KNOWLEDGE AND PRACTICE OF CLINICAL CODING AMONG HEALTH INFORMATION MANAGEMENT PROFESSIONALS IN NIGERIA 2

Agenda Background Learning Objectives Definition of clinical coding Survey Results Submission Conclusion

LEARNING OBJECTIVES Recognize the knowledge and practice of clinical coding among Health Information Management Professionals in Nigeria. Identify the factors militating against the good practice of clinical Coding in Nigeria.
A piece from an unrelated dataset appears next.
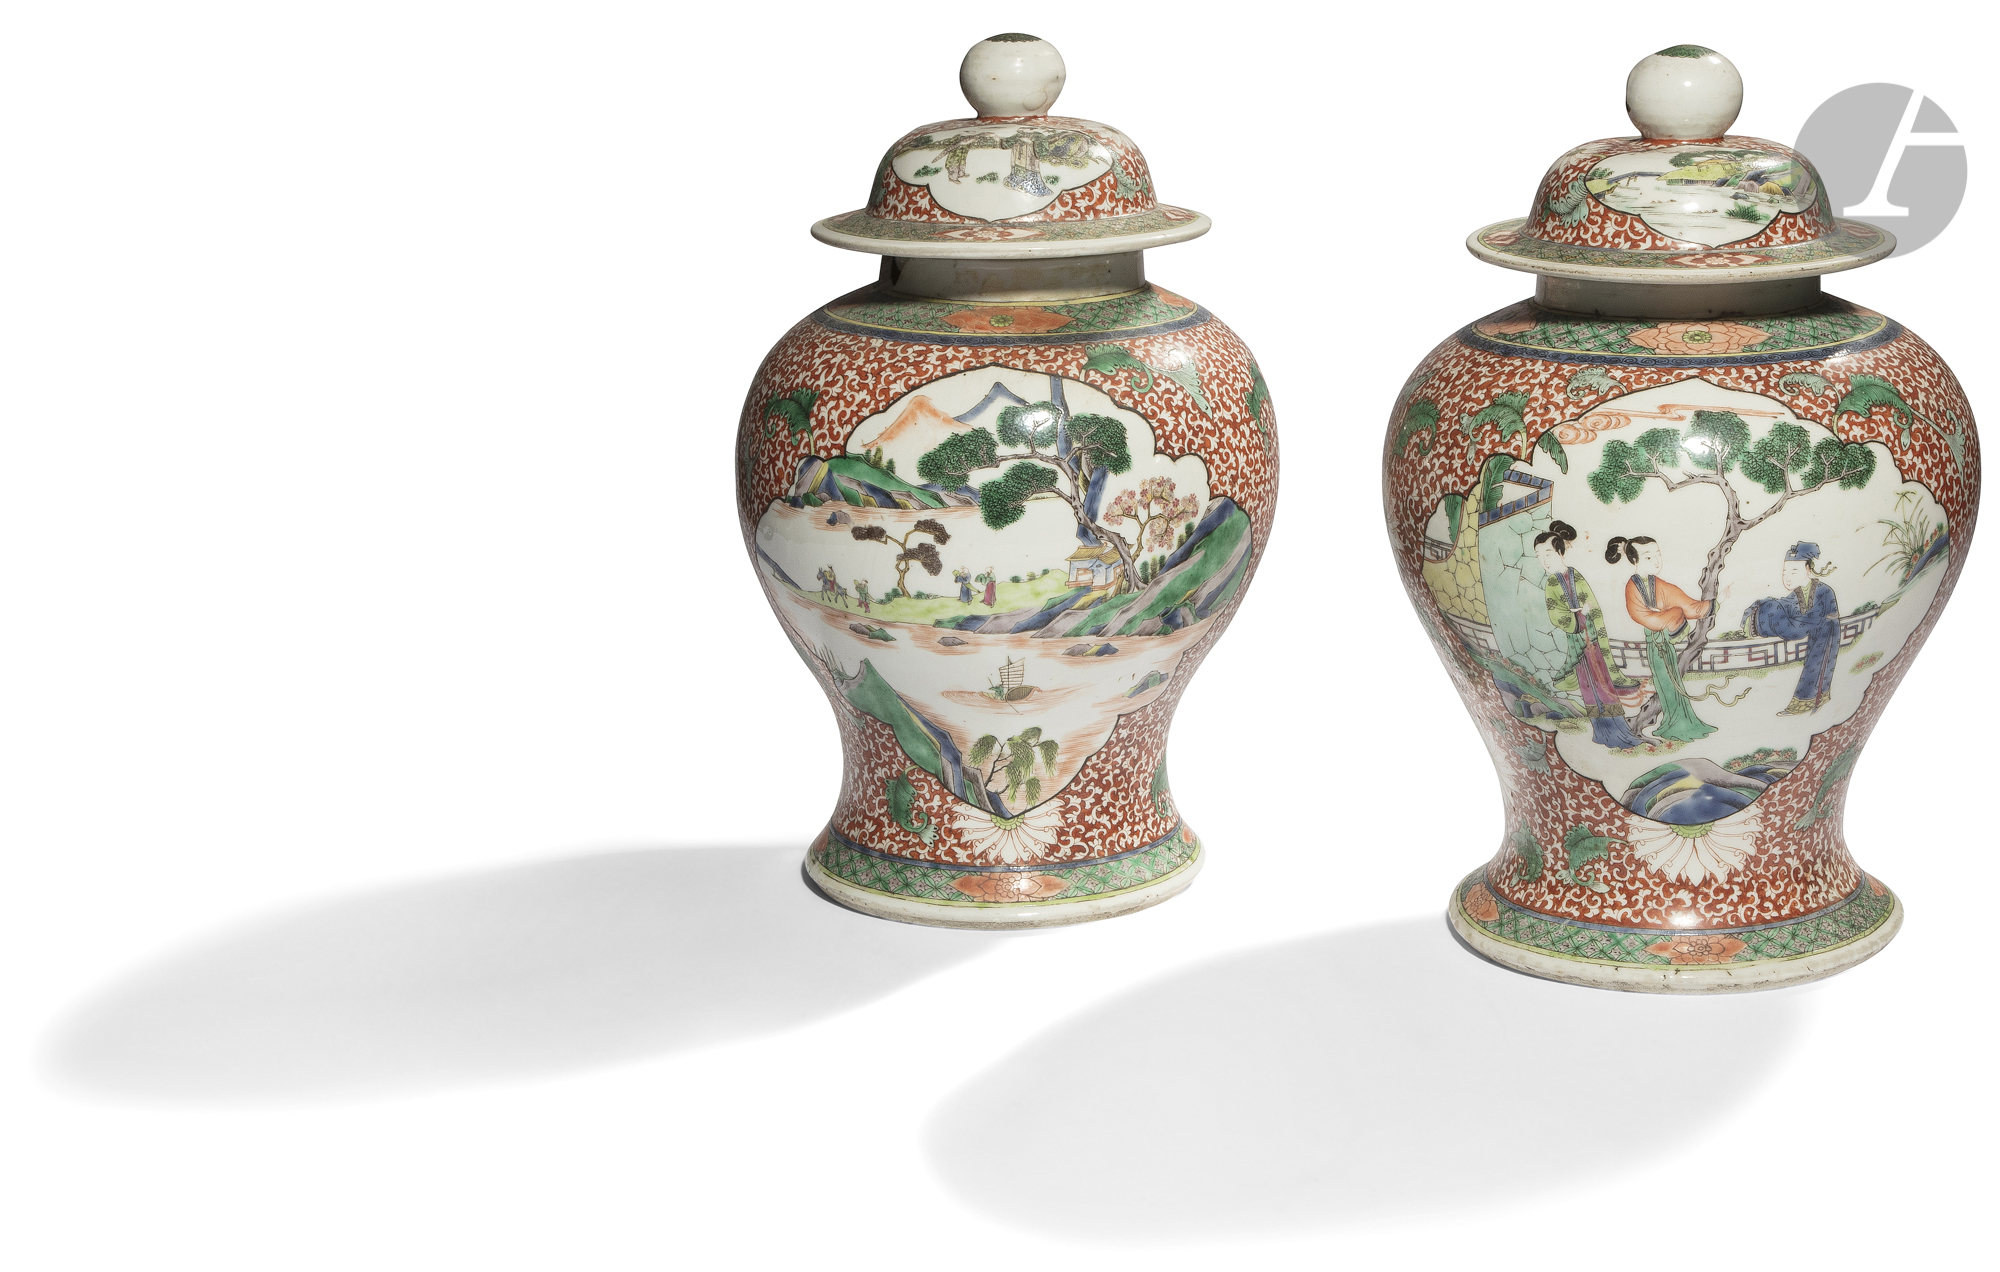 CHINE - Fin XIXe siècle Paire de potiches balustres couvertes en porcelaine émaillée polychrome dans

Discuss possible solutions to the identifiable areas.

BACKGROUND The World Health Organization classified clinical coding as a major and exclusive responsibility of HIM professionals, specifying that clinical coders require knowledge of medical terminology, legal aspects of health information, health data standards, and computer or paper-based data management. Health Information Management (HIM) professionals play a critical role in maintaining, collecting and analyzing the data that health care providers rely on to deliver high quality health care. They are experts in managing patient health information and medical records, administering computer information systems, coding the diagnoses and procedures for health care services provided to patients. It is a discipline that has rapidly evolved toward roles of increasing complexity and demand in recent years. The coding profession has been one area at the centre of this growth. Even though the HIM profession is currently rethinking their coding and clinical processes due to widespread industry changes and initiatives. It has always been essential for coding professionals to have ongoing professional development to survive in this new environment. Enhancing clinical knowledge through education and resources is essential.

BACKGROUND continued In addition to W.H.O specification, Coding professional must have a solid base of Anatomy, pathophysiology and pharmacology. It s not enough to see a diagnosis, sign, or symptom documented in the medical records of patients. They must take time to search it out in the book or encoder and add it to the list of codes. Clinical knowledge is put to use continuously along with coding rules and guidelines to assign the proper code. Consider the following scenario : a 23-year-old female presents to the emergency room with the sudden onset of severe pelvic pain, vaginal bleeding, and light headache. She has a history of multiple abdominal surgeries, positive smoker, 1 pack per day. Serum β-hcg levels were elevated. The patient was diagnosed with an ectopic pregnancy and transferred to the operating room. Without knowing the pathophysiology and clinical picture of an ectopic pregnancy, an untrained person may code the pain, bleeding, light headache and abnormal lab values in addition to the ectopic pregnancy, where a trained coder knows all of these are signs and symptoms of the definitive diagnosis and are not to be assigned a code number.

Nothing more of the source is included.